Helion performs a lightweight benchmark (similar to Triton’s autotune) the first time each specialization key is seen, running each provided config and selecting the fastest.

A key detail here is controlling the specialization key, which determines when to re-benchmark. Options include:

  • Default (static_shapes=True): Helion shape-specializes on the exact shape/stride signature, rerunning the selection whenever those shapes differ. This delivers the best per-shape performance but requires all calls to match the example shapes exactly.

  • static_shapes=False: switch to bucketed dynamic shapes. Helion reuses results as long as tensor dtypes and device types stay constant. Shape changes only trigger a re-selection when a dimension size crosses the buckets {0, 1, ≥2}. Use this when you need one compiled kernel to handle many input sizes.

  • Custom keys: pass key= to group calls however you like. This custom key is in addition to the above.

As an example, you could trigger re-tuning with power-of-two bucketing:

@helion.kernel(
    configs=candidate_configs,
    key=lambda x, y: helion.next_power_of_2(x.numel()),
    static_shapes=False,
)
def my_kernel(x, y):
    ...

See Kernel for the full decorator reference.

Advanced Manual Deployment#

Some teams prefer to skip all runtime selection, using Helion only as an ahead-of-time compiler. For this use case we provide Kernel.bind and BoundKernel.compile_config, enabling wrapper patterns that let you implement bespoke routing logic. For example, to route based on input size:

bound = my_kernel.bind(example_inputs)

small_cfg = helion.Config.load("configs/my_kernel_small.json")
large_cfg = helion.Config.load("configs/my_kernel_large.json")

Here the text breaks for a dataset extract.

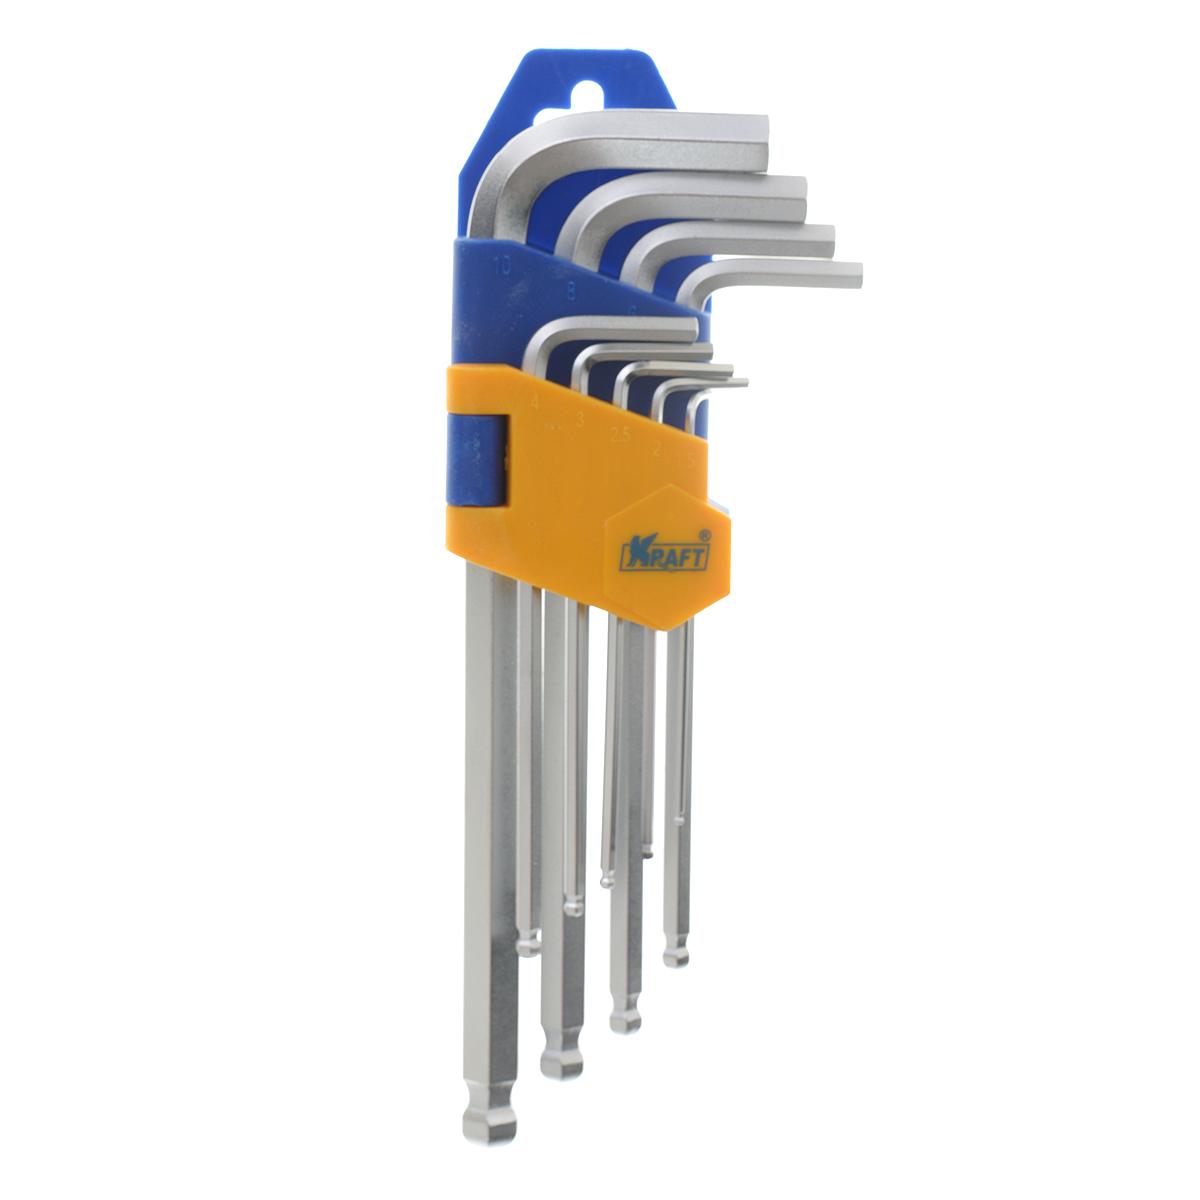 Набор ключей шестигранных Kraft Professional, с шаром, 1,5 мм - 10 мм, 9 шт. КТ700563КТ700563Набор шестигранных ключей Kraft Professional предназначен для работы с крепежными элементами, имеющими внутренний шестигранник. Каждый ключ изготовлен из хромованадиевой стали и оснащен шаровым наконечником, который позволяет работать в труднодоступных местах под углом до 25 градусов. В набор входят ключи: 1,5 мм, 2 мм, 2,5 мм, 3 мм, 4 мм, 5 мм, 6 мм, 8 мм, 10 мм.

small_run = bound.compile_config(small_cfg)  # Returns a callable
large_run = bound.compile_config(large_cfg)

def routed_my_kernel(x, y):
    runner = small_run if x.numel() <= 2**16 else large_run
    return runner(x, y)

Kernel.bind produces a BoundKernel tied to sample input types. You can pre-compile as many configs as you need using BoundKernel.compile_config. Warning: kernel.bind() specializes, and the result will only work with the same input types you passed.

  • With static_shapes=True (default) the bound kernel only works for the exact shape/stride signature of the example inputs. The generated code has shapes baked in, which often provides a performance boost.

  • With static_shapes=False it will specialize on the input dtypes, device types, and whether each dynamic dimension falls into the 0, 1, or ≥2 bucket. Python types are also specialized. For dimensions that can vary across those buckets, supply representative inputs ≥2 to avoid excessive specialization.

If you need to support multiple input types, bind multiple times with representative inputs.

Alternately, you can export Triton source with bound.to_triton_code(small_cfg) to drop Helion from your serving environment altogether, embedding the generated kernel in a custom runtime. The Triton kernels could then be compiled down into PTX/cubins to further remove Python from the critical path, but details on this are beyond the scope of this document.